In the exercise textbook, I was asked to find a $4 \times 4$ matrix $A$ so $\|A\|_2 = 5$. I understand that $\|A\|_2=\sigma_{\max}(A)$ where $\sigma_{\max}(A)$ denotes the largest singular value of matrix $A$. So, I chose the following matrix:
$$A = \begin{pmatrix} 5 & 0 & 0 & 0\\ 0 & 0 & 1 & 0\\ 0 & 0 & 0 & 0\\ 0 & 0 & 0 & 0\end{pmatrix}$$
But, how to prove $\|A\|_2 = 5$?
On
Since the $2-$norm is also given by $$\|A\|_2=\max_{\|\mathbf{x}\|=1}{\|A\mathbf{x}\|}.$$ So for $\mathbf{x}=\begin{bmatrix}a\\b\\c\\d\end{bmatrix}$ with $a^2+b^2+c^2+d^2=1$, we have $$\|A\mathbf{x}\|=\underbrace{\sqrt{25a^2+c^2} \leq \sqrt{24a^2+1}}_{\because a^2+c^2 \leq 1}\leq\sqrt{25}=5.$$ The max is attained for $\mathbf{x}=(1,0,0,0)$, so the norm is $5$.

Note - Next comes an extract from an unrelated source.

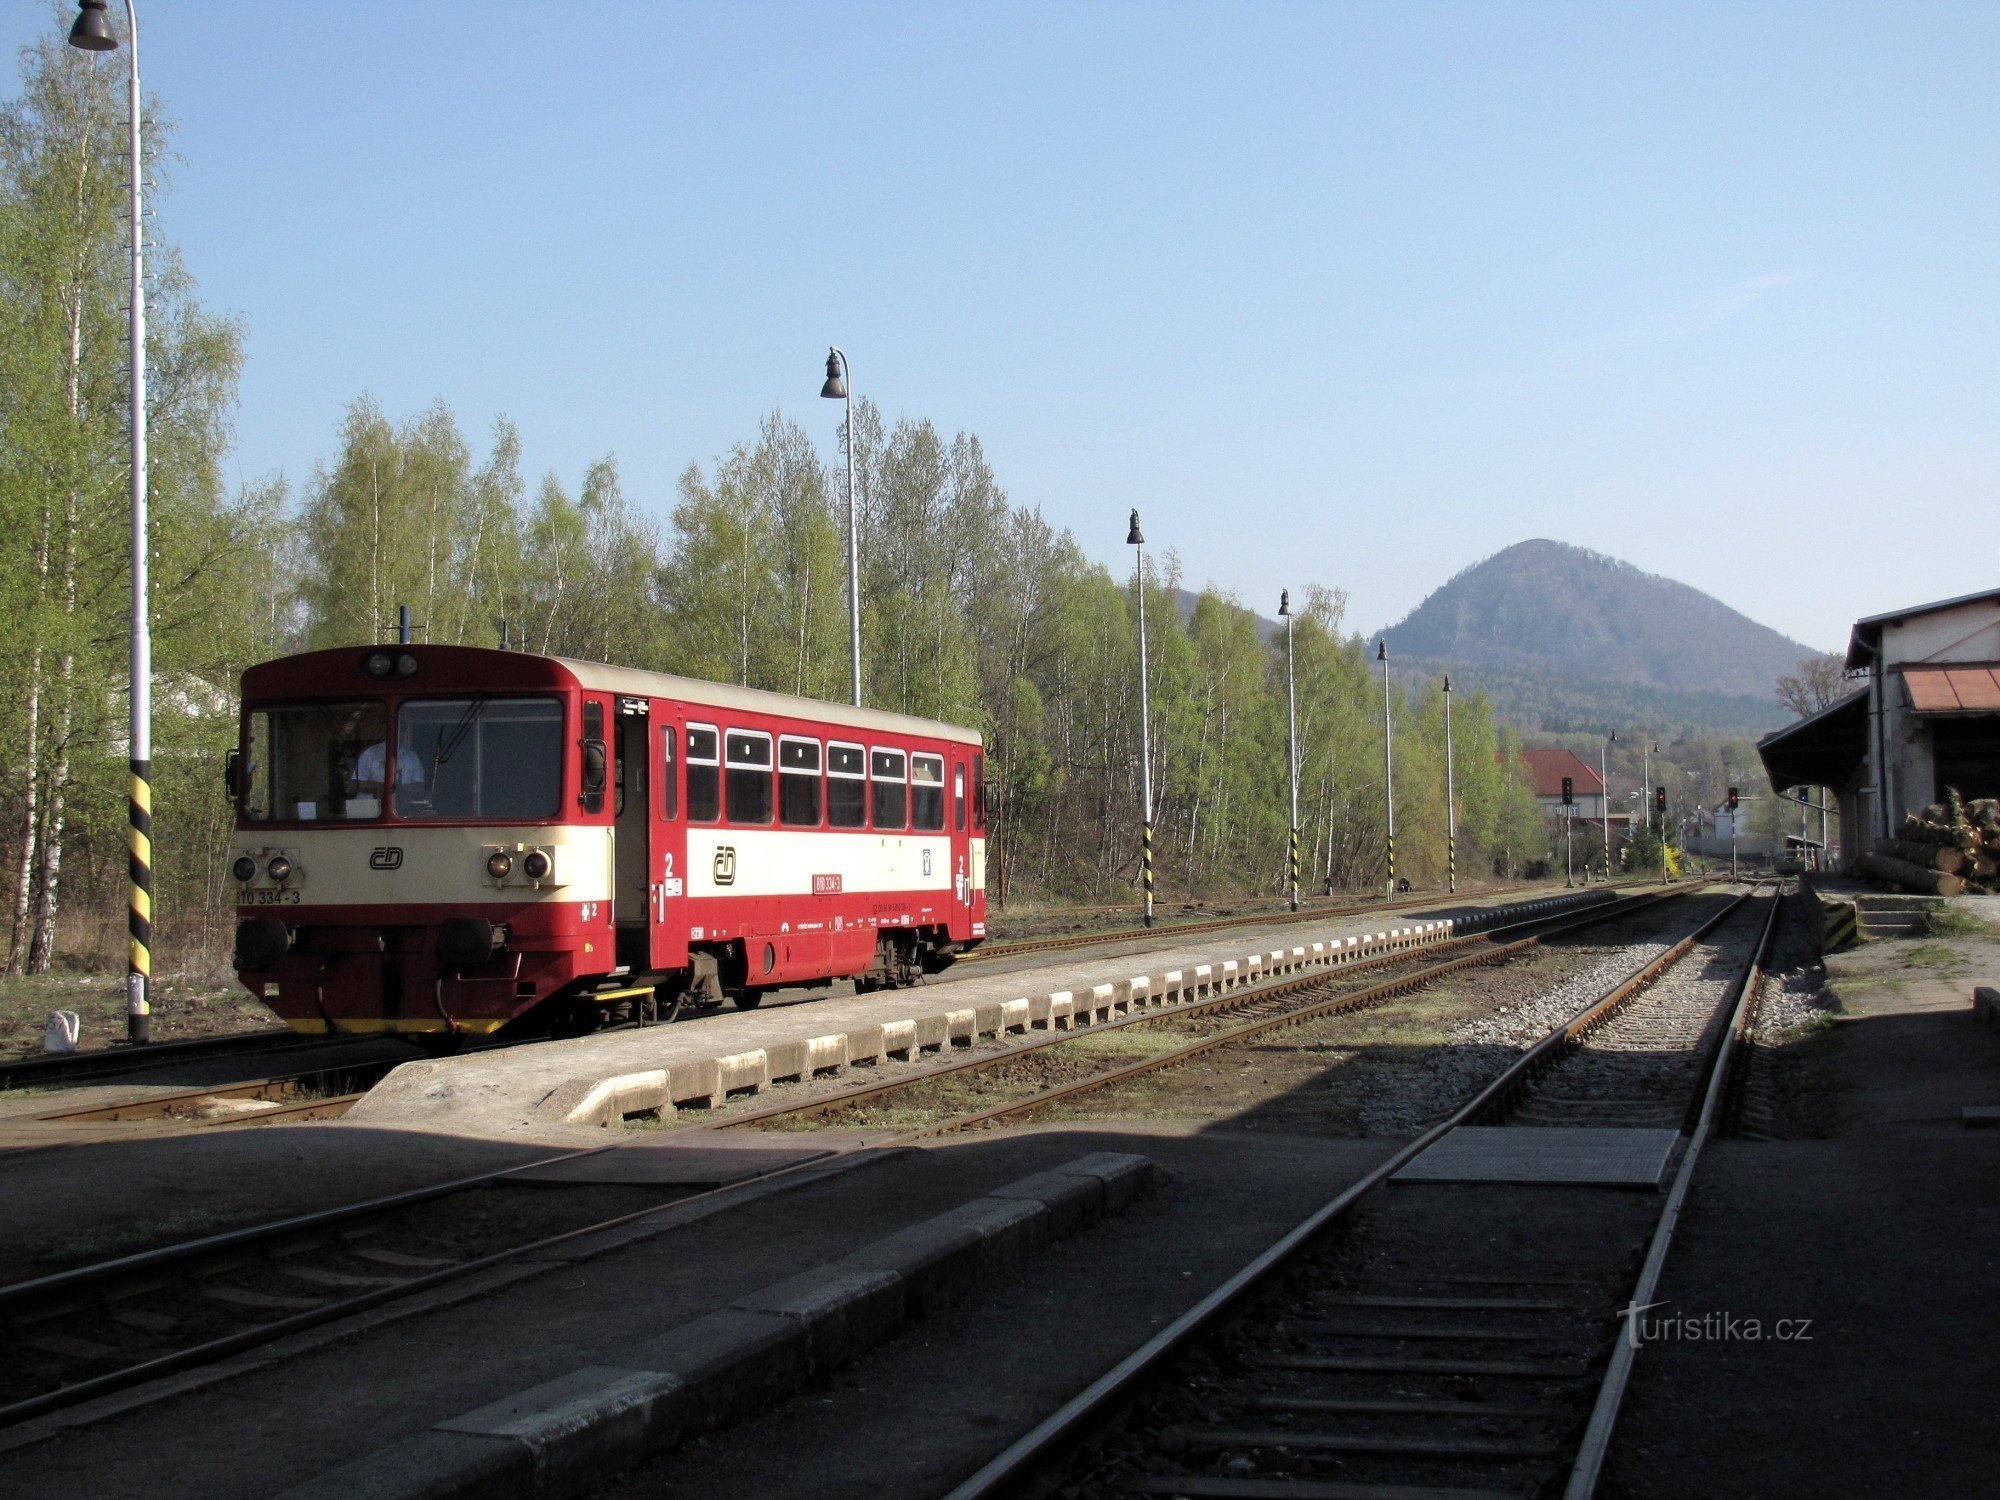 Platform, Klíč mountain in the background

You can read off the singular value decomposition of $A$. To wit $A=5 e_1 e_1^t+ e_2e_3^t$ where $e_i$ are the standard basis vectors. Since $e_1\perp e_2$ and $e_1\perp e_3$, it follows that this $5$ and $1$ are the singular values of $A$.